📦 Wayback Archive Engine

Preserve entire sites, individual pages, or bulk URL lists via the Wayback Machine Save Page Now API. Build forensic baselines before pentests or archive evidence before it disappears.

Proxied via Cloudflare Worker with automatic failover · Last updated February 10, 2026

Archive a Single Page
Bulk Archive — Paste URL List
0
Total
0
Saved
0
Pending
0
Failed
Crawl Site via Wayback CDX → Archive All Found URLs

First discovers all known URLs for a domain from the Wayback CDX index, then feeds them into Save Page Now to create fresh snapshots. Creates a full forensic baseline.

Step 1: CDX discovery → Step 2: Archive each URL
0
Discovered
0
Archived
0
Pending
0
Failed

Why do OSINT investigators need to archive web pages?

Web content is ephemeral — pages are modified, taken offline, or deliberately scrubbed during investigations. Max Intel's Archive Engine uses the Internet Archive's Save Page Now API to create timestamped, immutable snapshots stored at web.archive.org. According to the SANS Institute Digital Forensics and Incident Response (DFIR) framework, preserving volatile digital evidence in its original state is a foundational step in any investigation. The Wayback Machine provides a neutral, third-party record that courts and compliance teams recognize as credible documentation of what a website displayed at a specific point in time.
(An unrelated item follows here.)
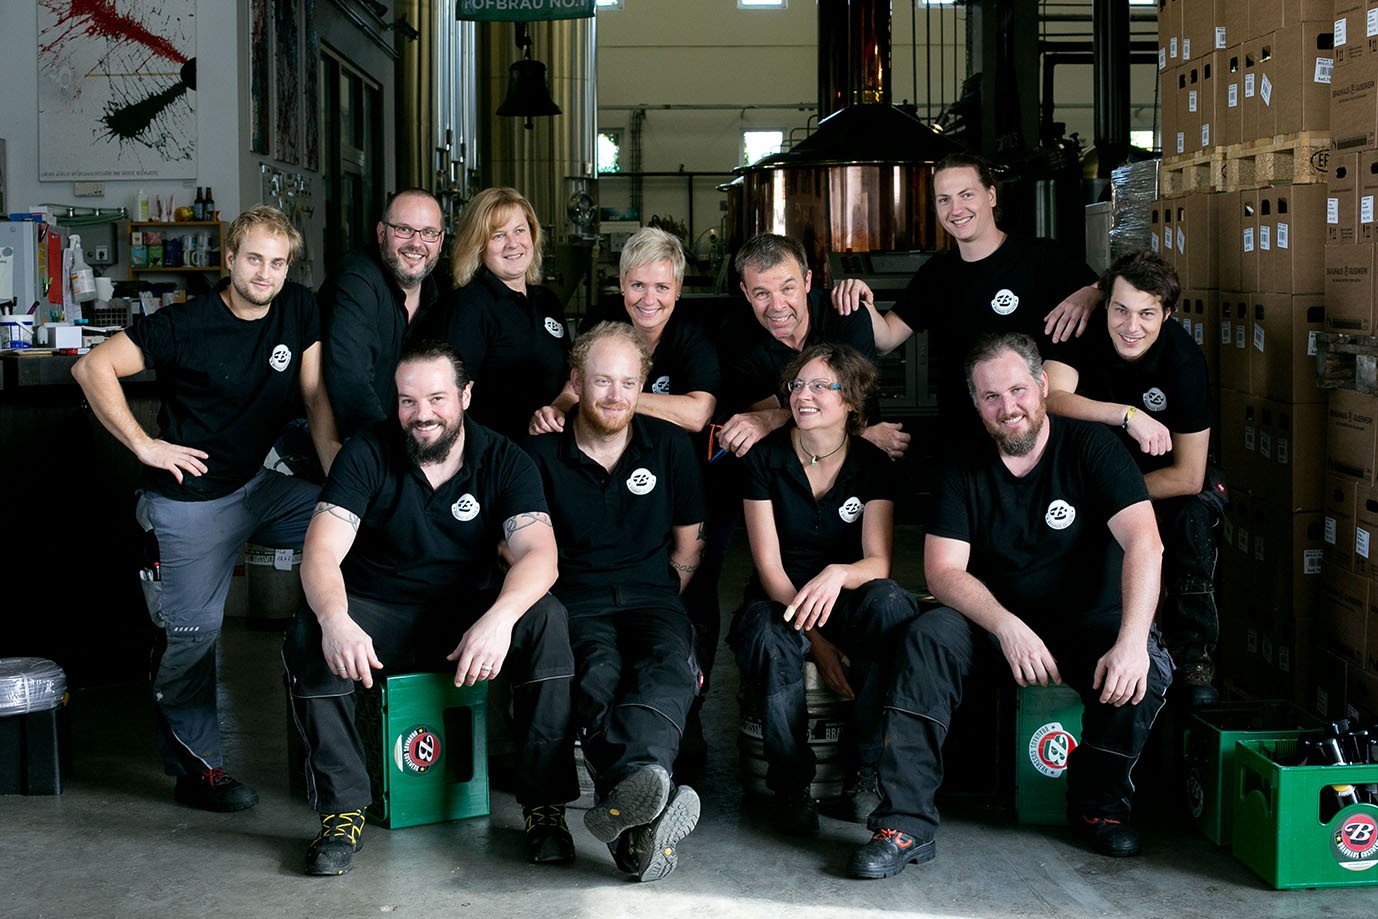 Brauhaus Gusswerk Brauerei aus Österreich

What are the three archiving modes?

Single URL mode submits one page for immediate archiving — useful for capturing a specific piece of evidence such as a social media post, product listing, or terms of service page. Bulk Archive mode accepts a list of URLs (one per line) and processes them with configurable concurrency and rate limiting to avoid overwhelming the Internet Archive API. Site Crawl + Archive first queries the Wayback Machine CDX index to discover all known URLs for a domain, then feeds each discovered endpoint into Save Page Now to create fresh snapshots. This mode creates a comprehensive forensic baseline of an entire website's current state, which the OWASP Web Security Testing Guide recommends before beginning any authorized security assessment.

How does the Cloudflare Worker proxy handle CORS restrictions?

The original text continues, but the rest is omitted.